= Ranking (statistics) =

Data transformation of statistics into rank

In statistics, ranking is the data transformation in which numerical or ordinal values are replaced by their rank when the data are sorted.

For example, the ranks of the numerical data 3.4, 5.1, 2.6, 7.3 are 2, 3, 1, 4.

As another example, the ordinal data hot, cold, warm would be replaced by 3, 1, 2. In these examples, the ranks are assigned to values in ascending order, although descending ranks can also be used.

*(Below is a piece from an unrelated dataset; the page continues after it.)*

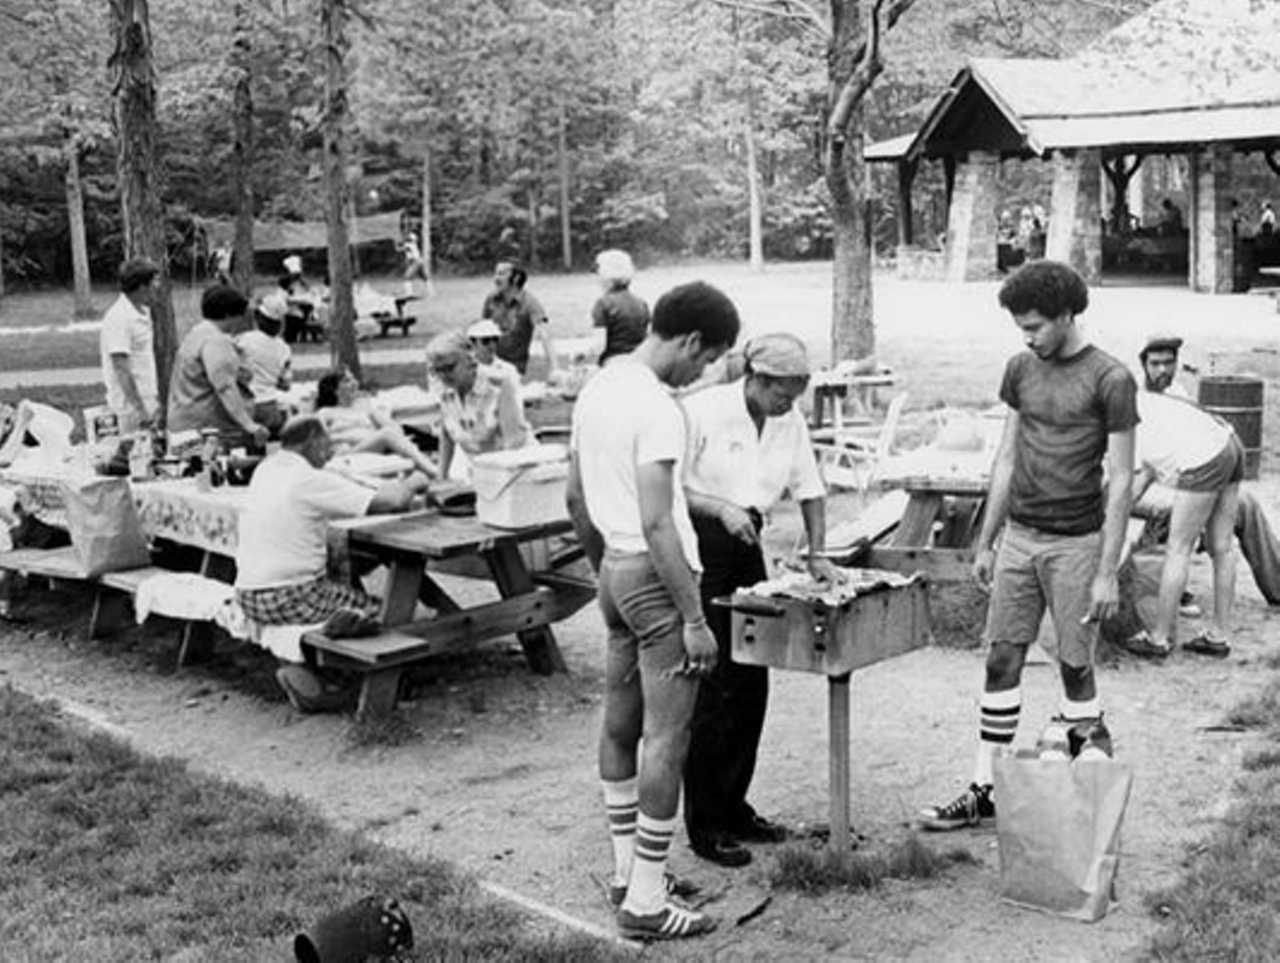 Grilling and Chilling at North Chagrin Reservation, 1973

Ranks are related to the indexed list of order statistics, which consists of the original dataset rearranged into ascending order.

==Use for testing==
Some kinds of statistical tests employ calculations based on ranks. Examples include:

- Friedman test
- Kruskal–Wallis test
- Rank products
- Spearman's rank correlation coefficient
- Mann–Whitney U test
- Wilcoxon signed-rank test
- Van der Waerden test

The distribution of values in decreasing order of rank is often of interest when values vary widely in scale; this is the rank-size distribution (or rank-frequency distribution), for example for city sizes or word frequencies. These often follow a power law.

Some ranks can have non-integer values for tied data values. For example, when there is an even number of copies of the same data value, the fractional statistical rank of the tied data ends in ½.
Percentile rank is another type of statistical ranking.

== Computation ==
Microsoft Excel provides two ranking functions, the Rank.EQ function which assigns competition ranks in the case of ties, and the Rank.AVG function which assigns fractional ranks to ties. For example, if the data being ranked was ("5, 7, 7, 10"), then Rank.EQ would return ("1, 2, 2, 4"), whereas Rank.AVG would return ("1, 2.5, 2.5, 4"). Note that Rank.AVG preserves rank sums in the case of ties, whereas Rank.EQ does not. This makes the latter undesirable in many statistical applications. The functions have the order argument, which is by default is set to descending, i.e. the largest number will have a rank 1. This is generally uncommon for statistics where the ranking is usually in ascending order, where the smallest number has a rank 1.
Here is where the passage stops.